「DIY賃貸」をご存じだろうか。2014年に国土交通省が提案した新たな契約形態で、トイレや風呂の整備や部屋の内装などを借主が行うことを前提とした物件のことを指す。借主が初期整備を負担する代わりに賃料が安くなるといったメリットがある。しかし、その初期整備のハードルが高く普及を阻んでおり、改良タイプが模索されている。
グッドルームが第一弾のモニター入居者募集
DIYはDo It Yourself(ドゥ イット ユアセルフ)の略で「自分で何かを作ったり修繕すること」の意。かつては家庭で休日に夫や父親が"にわか大工"になることを表す「日曜大工」が訳語に充てられた。
DIY賃貸は、増え続ける空き家や老朽化した住居の活用推進を目指して提案されたもの。一般的な賃貸は、貸主が貸す前に必要な修繕、清掃など自己負担で行うことが多いが、DIY賃貸は入居のための整備を借主に任せる。貸主は「自己負担や手間をかけずに物件を貸せる」、「物件が退去時にDIYでレベルアップした状態で戻る」などメリットがあり、借主には「物件を持ち家のように自分好みにカスタマイズできる」、「賃料を抑えられる」といった利点がある
だが、賃貸物件の整備は"日曜大工"では賄いきれないことが多いよう。工事費用などの初期負担も大きいため敷居が高く感じられるのか、あまり広がっているとはいえない。

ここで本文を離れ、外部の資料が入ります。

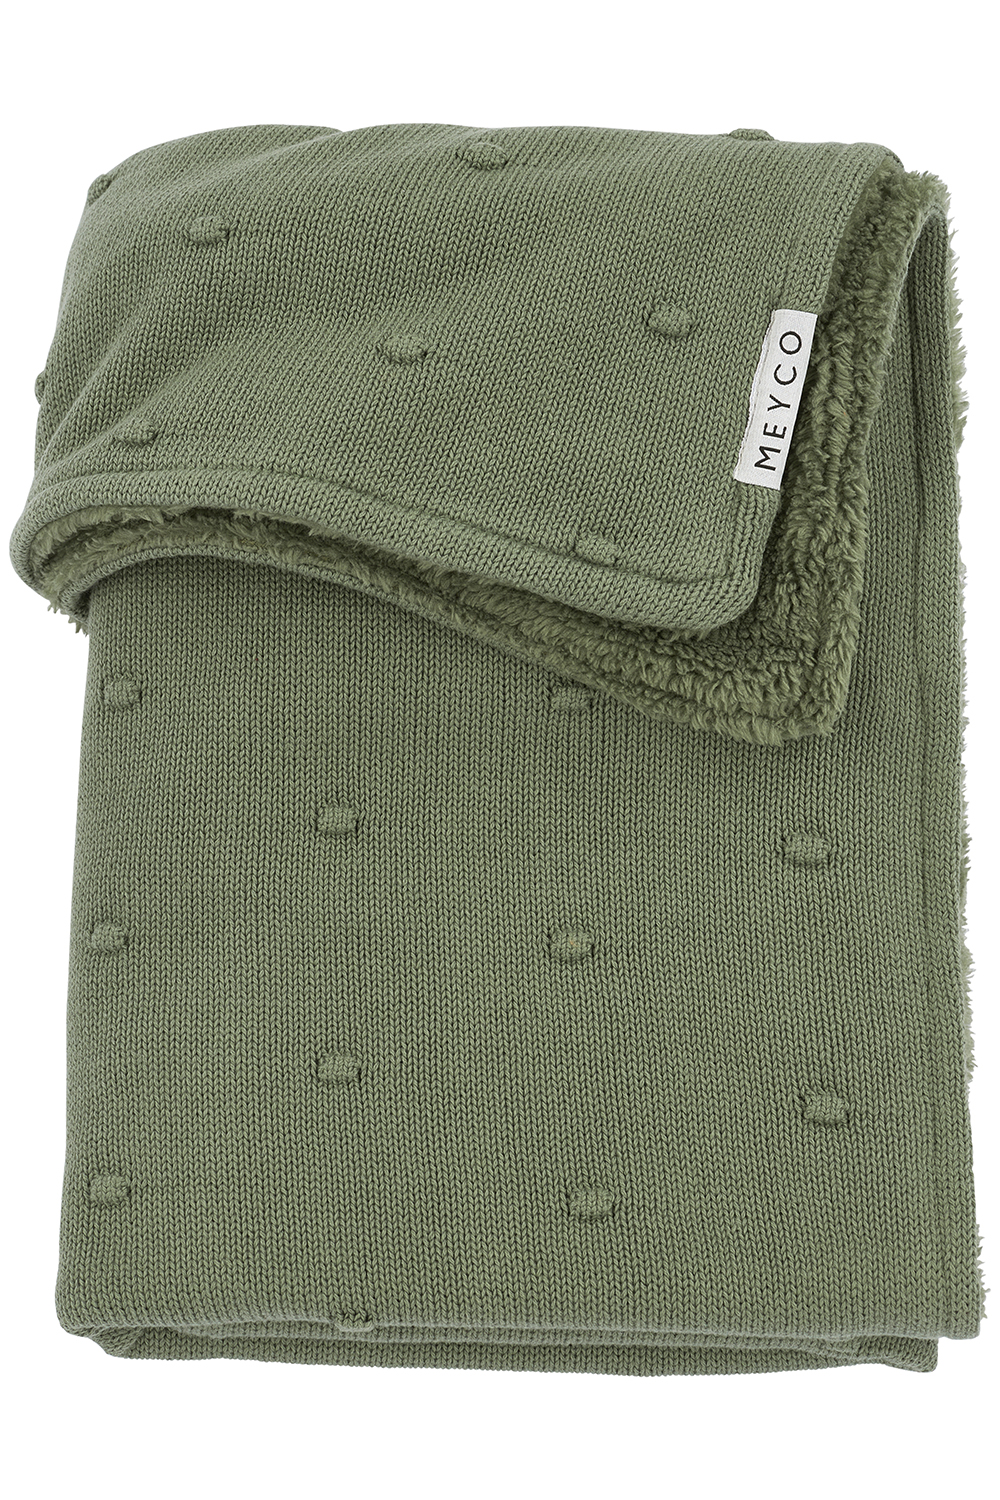 Cot Bed Blanket Mini Knots Fleece - Forest Green - 100x150cm
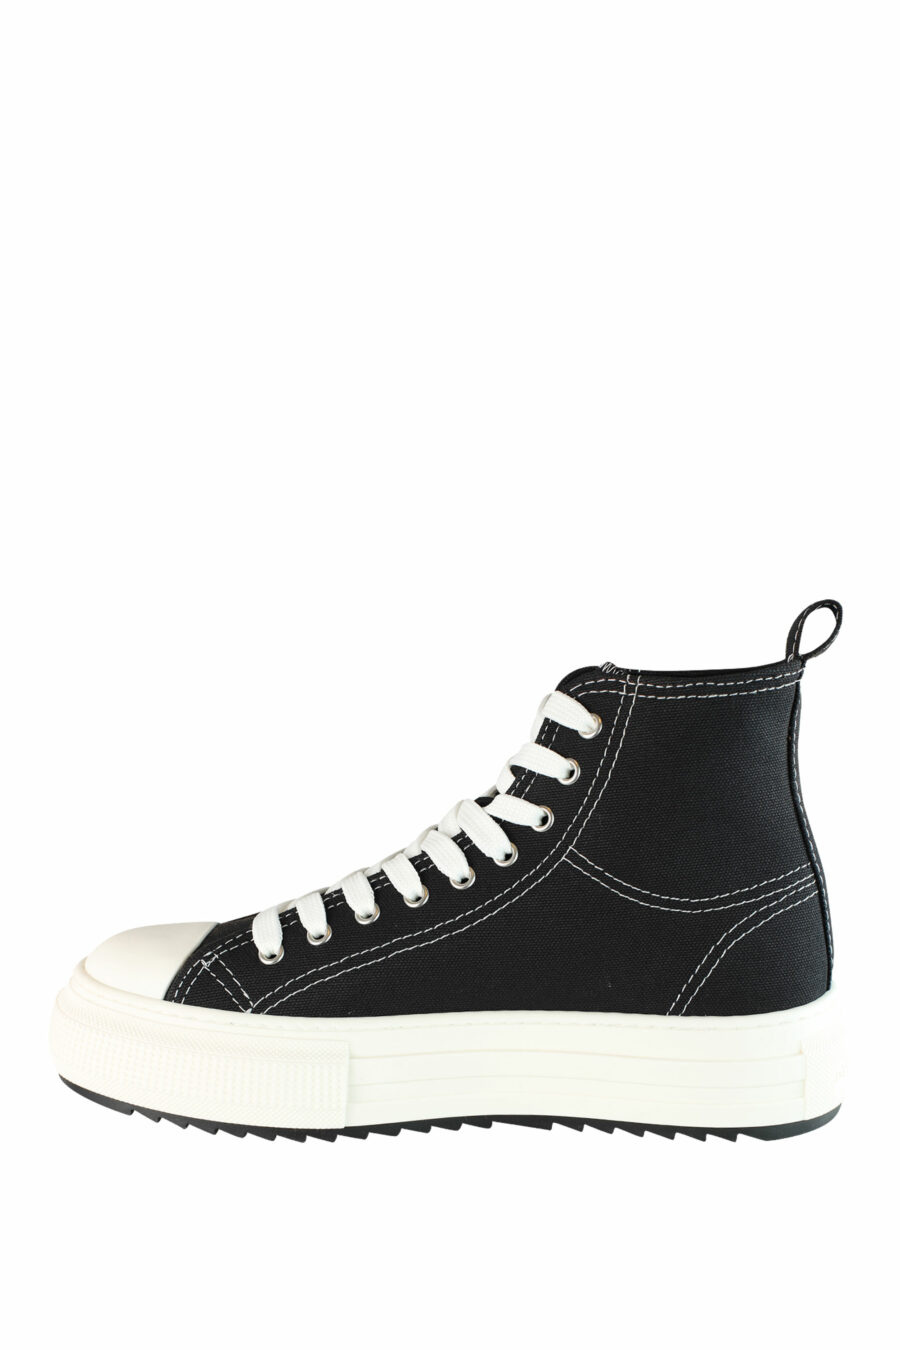 Sapatilhas pretas estilo bota com plataforma e mini logótipo - IMG 1422

そうした現状を受ける形で、賃貸紹介サイトを運営するグッドルーム(東京都渋谷区)が、基本工事をオーナーが施し、床や壁の変更などは借主に任せる「途中からDIY賃貸」サービスを開始した。
グッドルームが提案する「途中からDIY賃貸」は解体・水周りの補修/交換など住まいの基礎工事を貸主が施し、床や壁の仕上げなどは、借主が好みに合わせてDIYで仕上げるという契約だ。工事期間中のフリーレント(家賃免除)もセットで提供されるため、借主は通常のDIY物件に比べて費用負担を約半分ほど軽減できる仕組みになっている。
グッドルームは「途中から賃貸の第一弾として「TOMOS×DIY 鷺沼」を発表し、2015年11月から神奈川県川崎市にある物件のモニター入居者を募集している。